DESCRIPTION OF THE TASK: Return the data given below exactly as it appears.

▬▬▬▬▬▬

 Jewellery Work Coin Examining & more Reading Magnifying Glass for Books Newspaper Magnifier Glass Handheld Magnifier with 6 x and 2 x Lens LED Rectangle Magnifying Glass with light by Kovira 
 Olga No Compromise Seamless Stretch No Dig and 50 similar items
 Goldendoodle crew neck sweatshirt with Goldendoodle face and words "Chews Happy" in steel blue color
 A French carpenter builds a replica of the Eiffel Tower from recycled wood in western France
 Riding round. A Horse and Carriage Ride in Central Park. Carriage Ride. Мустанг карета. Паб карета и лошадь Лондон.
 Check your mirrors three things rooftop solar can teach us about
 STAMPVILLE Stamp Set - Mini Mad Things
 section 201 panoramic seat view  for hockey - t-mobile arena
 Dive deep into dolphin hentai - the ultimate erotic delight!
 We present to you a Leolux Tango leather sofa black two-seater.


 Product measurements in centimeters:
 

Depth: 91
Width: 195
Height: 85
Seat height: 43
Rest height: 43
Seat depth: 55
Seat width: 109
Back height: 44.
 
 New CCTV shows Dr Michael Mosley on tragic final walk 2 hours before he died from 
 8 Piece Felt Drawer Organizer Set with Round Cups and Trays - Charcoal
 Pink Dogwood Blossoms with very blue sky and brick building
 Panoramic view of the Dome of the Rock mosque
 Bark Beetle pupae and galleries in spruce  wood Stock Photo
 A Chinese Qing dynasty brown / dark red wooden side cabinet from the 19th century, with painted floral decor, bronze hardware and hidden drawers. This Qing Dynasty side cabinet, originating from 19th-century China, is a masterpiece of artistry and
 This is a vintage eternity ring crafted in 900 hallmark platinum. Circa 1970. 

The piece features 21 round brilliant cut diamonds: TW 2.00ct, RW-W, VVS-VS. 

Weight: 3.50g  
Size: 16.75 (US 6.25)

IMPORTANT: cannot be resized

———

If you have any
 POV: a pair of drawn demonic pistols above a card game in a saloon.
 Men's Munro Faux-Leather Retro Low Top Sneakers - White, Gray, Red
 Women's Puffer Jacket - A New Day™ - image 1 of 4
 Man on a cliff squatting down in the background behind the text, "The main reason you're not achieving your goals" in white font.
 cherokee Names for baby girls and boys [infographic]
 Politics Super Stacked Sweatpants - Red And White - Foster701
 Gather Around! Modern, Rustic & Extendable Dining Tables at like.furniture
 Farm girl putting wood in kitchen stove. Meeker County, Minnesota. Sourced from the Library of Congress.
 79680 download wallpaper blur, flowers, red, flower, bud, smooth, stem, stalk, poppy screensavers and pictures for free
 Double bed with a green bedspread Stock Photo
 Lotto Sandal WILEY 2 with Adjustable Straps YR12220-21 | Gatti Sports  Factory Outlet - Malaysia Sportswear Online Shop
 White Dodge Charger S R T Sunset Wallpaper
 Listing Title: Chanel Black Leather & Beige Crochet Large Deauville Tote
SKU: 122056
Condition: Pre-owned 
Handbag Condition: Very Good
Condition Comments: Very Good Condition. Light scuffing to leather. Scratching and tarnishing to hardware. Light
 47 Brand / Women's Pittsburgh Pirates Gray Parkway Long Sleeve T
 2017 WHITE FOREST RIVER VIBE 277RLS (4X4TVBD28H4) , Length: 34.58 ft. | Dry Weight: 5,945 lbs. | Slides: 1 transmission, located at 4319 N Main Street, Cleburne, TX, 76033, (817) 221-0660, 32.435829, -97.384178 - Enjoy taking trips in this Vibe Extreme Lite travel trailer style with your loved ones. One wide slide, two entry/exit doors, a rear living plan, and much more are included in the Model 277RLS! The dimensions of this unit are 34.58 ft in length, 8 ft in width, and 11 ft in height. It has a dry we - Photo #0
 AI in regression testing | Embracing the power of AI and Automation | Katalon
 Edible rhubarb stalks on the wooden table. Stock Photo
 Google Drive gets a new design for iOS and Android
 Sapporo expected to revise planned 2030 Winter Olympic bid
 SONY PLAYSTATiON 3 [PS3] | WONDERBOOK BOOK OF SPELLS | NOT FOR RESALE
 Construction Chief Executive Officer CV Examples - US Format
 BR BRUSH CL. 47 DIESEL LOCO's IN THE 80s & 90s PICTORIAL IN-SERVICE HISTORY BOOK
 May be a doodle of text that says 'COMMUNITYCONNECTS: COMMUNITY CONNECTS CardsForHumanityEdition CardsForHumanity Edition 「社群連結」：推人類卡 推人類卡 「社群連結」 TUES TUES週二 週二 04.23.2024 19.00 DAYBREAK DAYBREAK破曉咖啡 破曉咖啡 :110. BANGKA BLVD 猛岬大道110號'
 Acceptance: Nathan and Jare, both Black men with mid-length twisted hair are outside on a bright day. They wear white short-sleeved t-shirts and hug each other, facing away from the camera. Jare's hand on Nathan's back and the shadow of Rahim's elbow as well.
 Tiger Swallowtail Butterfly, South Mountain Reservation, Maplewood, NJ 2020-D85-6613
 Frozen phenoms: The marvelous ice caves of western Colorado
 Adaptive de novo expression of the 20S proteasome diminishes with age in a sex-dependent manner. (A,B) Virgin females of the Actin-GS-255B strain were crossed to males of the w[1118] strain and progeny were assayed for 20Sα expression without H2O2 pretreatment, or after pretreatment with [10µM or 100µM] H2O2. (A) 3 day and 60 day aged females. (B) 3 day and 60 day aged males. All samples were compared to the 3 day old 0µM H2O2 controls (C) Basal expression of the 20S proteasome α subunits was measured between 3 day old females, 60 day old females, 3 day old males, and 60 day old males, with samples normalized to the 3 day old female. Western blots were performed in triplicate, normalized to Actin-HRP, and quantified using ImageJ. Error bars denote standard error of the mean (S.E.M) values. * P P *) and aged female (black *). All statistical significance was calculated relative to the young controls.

▬▬▬▬▬▬

EXERCISE ANSWER:
 Jewellery Work Coin Examining & more Reading Magnifying Glass for Books Newspaper Magnifier Glass Handheld Magnifier with 6 x and 2 x Lens LED Rectangle Magnifying Glass with light by Kovira 
 Olga No Compromise Seamless Stretch No Dig and 50 similar items
 Goldendoodle crew neck sweatshirt with Goldendoodle face and words "Chews Happy" in steel blue color
 A French carpenter builds a replica of the Eiffel Tower from recycled wood in western France
 Riding round. A Horse and Carriage Ride in Central Park. Carriage Ride. Мустанг карета. Паб карета и лошадь Лондон.
 Check your mirrors three things rooftop solar can teach us about
 STAMPVILLE Stamp Set - Mini Mad Things
 section 201 panoramic seat view  for hockey - t-mobile arena
 Dive deep into dolphin hentai - the ultimate erotic delight!
 We present to you a Leolux Tango leather sofa black two-seater.


 Product measurements in centimeters:
 

Depth: 91
Width: 195
Height: 85
Seat height: 43
Rest height: 43
Seat depth: 55
Seat width: 109
Back height: 44.
 
 New CCTV shows Dr Michael Mosley on tragic final walk 2 hours before he died from 
 8 Piece Felt Drawer Organizer Set with Round Cups and Trays - Charcoal
 Pink Dogwood Blossoms with very blue sky and brick building
 Panoramic view of the Dome of the Rock mosque
 Bark Beetle pupae and galleries in spruce  wood Stock Photo
 A Chinese Qing dynasty brown / dark red wooden side cabinet from the 19th century, with painted floral decor, bronze hardware and hidden drawers. This Qing Dynasty side cabinet, originating from 19th-century China, is a masterpiece of artistry and
 This is a vintage eternity ring crafted in 900 hallmark platinum. Circa 1970. 

The piece features 21 round brilliant cut diamonds: TW 2.00ct, RW-W, VVS-VS. 

Weight: 3.50g  
Size: 16.75 (US 6.25)

IMPORTANT: cannot be resized

———

If you have any
 POV: a pair of drawn demonic pistols above a card game in a saloon.
 Men's Munro Faux-Leather Retro Low Top Sneakers - White, Gray, Red
 Women's Puffer Jacket - A New Day™ - image 1 of 4
 Man on a cliff squatting down in the background behind the text, "The main reason you're not achieving your goals" in white font.
 cherokee Names for baby girls and boys [infographic]
 Politics Super Stacked Sweatpants - Red And White - Foster701
 Gather Around! Modern, Rustic & Extendable Dining Tables at like.furniture
 Farm girl putting wood in kitchen stove. Meeker County, Minnesota. Sourced from the Library of Congress.
 79680 download wallpaper blur, flowers, red, flower, bud, smooth, stem, stalk, poppy screensavers and pictures for free
 Double bed with a green bedspread Stock Photo
 Lotto Sandal WILEY 2 with Adjustable Straps YR12220-21 | Gatti Sports  Factory Outlet - Malaysia Sportswear Online Shop
 White Dodge Charger S R T Sunset Wallpaper
 Listing Title: Chanel Black Leather & Beige Crochet Large Deauville Tote
SKU: 122056
Condition: Pre-owned 
Handbag Condition: Very Good
Condition Comments: Very Good Condition. Light scuffing to leather. Scratching and tarnishing to hardware. Light
 47 Brand / Women's Pittsburgh Pirates Gray Parkway Long Sleeve T
 2017 WHITE FOREST RIVER VIBE 277RLS (4X4TVBD28H4) , Length: 34.58 ft. | Dry Weight: 5,945 lbs. | Slides: 1 transmission, located at 4319 N Main Street, Cleburne, TX, 76033, (817) 221-0660, 32.435829, -97.384178 - Enjoy taking trips in this Vibe Extreme Lite travel trailer style with your loved ones. One wide slide, two entry/exit doors, a rear living plan, and much more are included in the Model 277RLS! The dimensions of this unit are 34.58 ft in length, 8 ft in width, and 11 ft in height. It has a dry we - Photo #0
 AI in regression testing | Embracing the power of AI and Automation | Katalon
 Edible rhubarb stalks on the wooden table. Stock Photo
 Google Drive gets a new design for iOS and Android
 Sapporo expected to revise planned 2030 Winter Olympic bid
 SONY PLAYSTATiON 3 [PS3] | WONDERBOOK BOOK OF SPELLS | NOT FOR RESALE
 Construction Chief Executive Officer CV Examples - US Format
 BR BRUSH CL. 47 DIESEL LOCO's IN THE 80s & 90s PICTORIAL IN-SERVICE HISTORY BOOK
 May be a doodle of text that says 'COMMUNITYCONNECTS: COMMUNITY CONNECTS CardsForHumanityEdition CardsForHumanity Edition 「社群連結」：推人類卡 推人類卡 「社群連結」 TUES TUES週二 週二 04.23.2024 19.00 DAYBREAK DAYBREAK破曉咖啡 破曉咖啡 :110. BANGKA BLVD 猛岬大道110號'
 Acceptance: Nathan and Jare, both Black men with mid-length twisted hair are outside on a bright day. They wear white short-sleeved t-shirts and hug each other, facing away from the camera. Jare's hand on Nathan's back and the shadow of Rahim's elbow as well.
 Tiger Swallowtail Butterfly, South Mountain Reservation, Maplewood, NJ 2020-D85-6613
 Frozen phenoms: The marvelous ice caves of western Colorado
 Adaptive de novo expression of the 20S proteasome diminishes with age in a sex-dependent manner. (A,B) Virgin females of the Actin-GS-255B strain were crossed to males of the w[1118] strain and progeny were assayed for 20Sα expression without H2O2 pretreatment, or after pretreatment with [10µM or 100µM] H2O2. (A) 3 day and 60 day aged females. (B) 3 day and 60 day aged males. All samples were compared to the 3 day old 0µM H2O2 controls (C) Basal expression of the 20S proteasome α subunits was measured between 3 day old females, 60 day old females, 3 day old males, and 60 day old males, with samples normalized to the 3 day old female. Western blots were performed in triplicate, normalized to Actin-HRP, and quantified using ImageJ. Error bars denote standard error of the mean (S.E.M) values. * P P *) and aged female (black *). All statistical significance was calculated relative to the young controls.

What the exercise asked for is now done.